Intuitively, if a manifold is smooth, the only way I can imagine an inner product misbehaving when expressed as a metric tensor, is if the tangent vectors to some coordinate lines are not well-defined. But I can't quite see why exactly this is happening with the Schwarzschild coordinates.

To build intuition, you may want to look at Rindler coordinates, which are coordinates for flat spacetime that in a certain sense can be interpreted as the coordinates of an accelerated observer. (GR doesn't have any coordinate system that really has all the properties we would like for an accelerated frame.) Rindler coordinates have an event horizon, which is a misbehavior of the coordinate system very much like the misbehavior of Schwarzschild coordinates at the event horizon. The t-t component of the metric vanishes at the horizon, just as it does for the Schwarzschild metric. In both cases this is because the horizon is lightlike, and the metric measure of a lightlike vector is zero. (Although they are similar coordinate singularities, the event horizons are different in the sense that the existence of the Schwarzschild event horizon can be described in coordinate-independent terms as a boundary of a region from which a causal curve can never escape to null infinity.)

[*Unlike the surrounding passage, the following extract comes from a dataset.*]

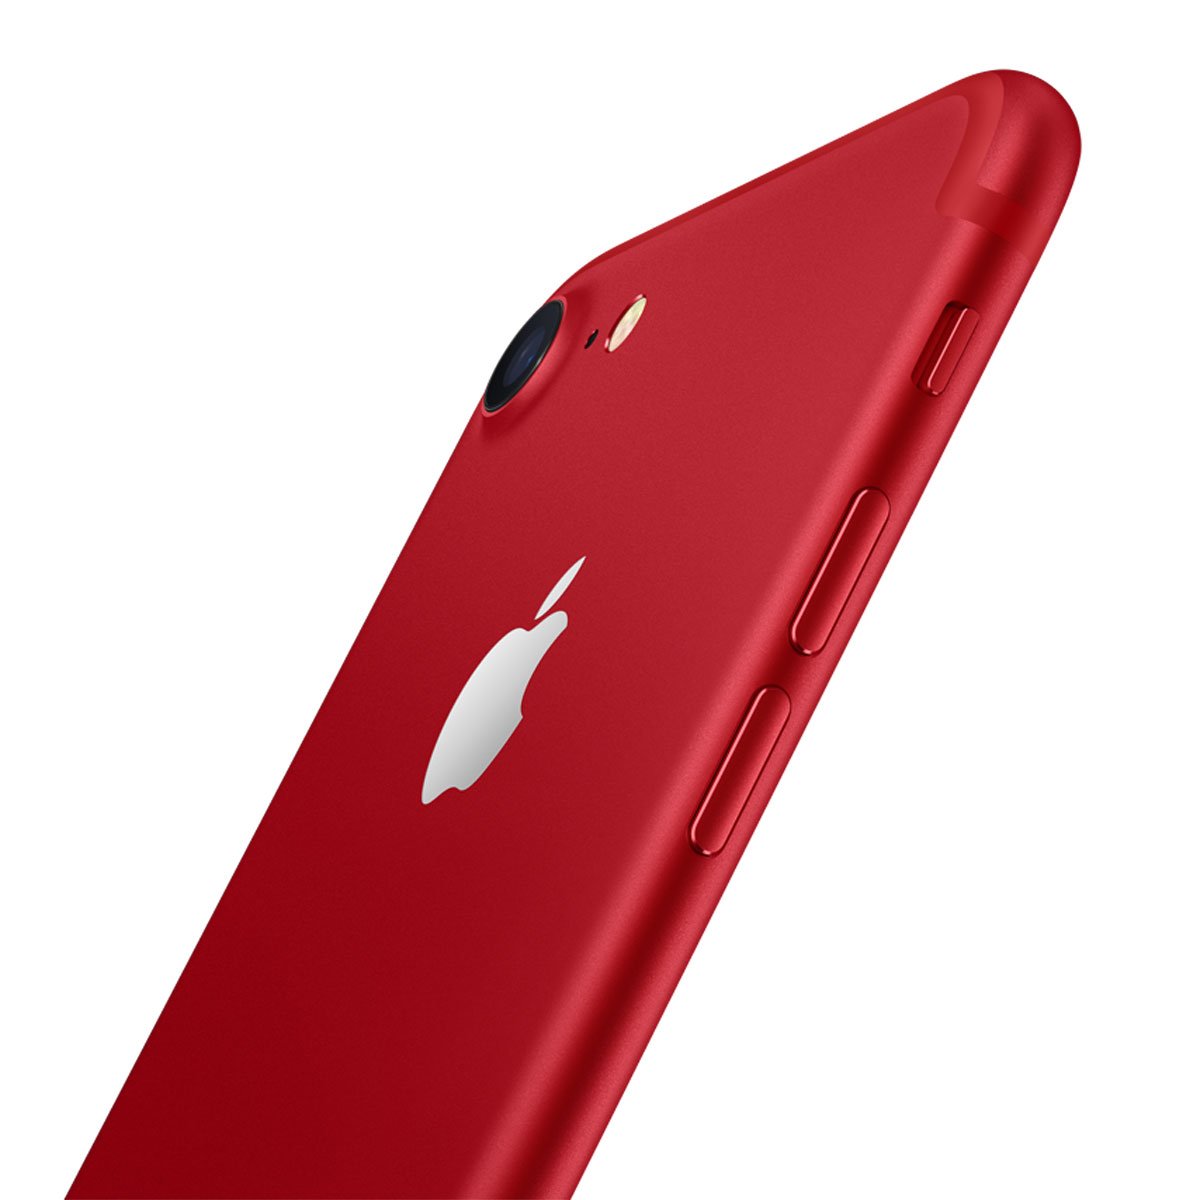 Celular Iphone 7 Plus  Color Rojo 128 Gb R9 (Telcel)

If you want to mentally classify coordinate singularities, you are unlikely to get a really satisfying answer. A coordinate singularity is a singularity that isn't a curvature singularity, but there is no known way to define a curvature singularity that everyone agrees makes sense in all cases. The classic paper on this, which is fairly readable, is Geroch, "What is a singularity in general relativity?," Ann Phys 48 (1968) 526. For instance, you can define a curvature singularity as one where a curvature polynomial blows up, but in 2+1 or more dimensions, curved spaces exist such that all their curvature invariants vanish: H-J Schmidt, http://arxiv.org/pdf/gr-qc/9404037v1.pdf . We want to rule out silly examples like Minkowski space with one point removed, and so on. The most widely accepted approach is to use geodesic incompleteness as a definition, but that still leaves a lot of ambiguity.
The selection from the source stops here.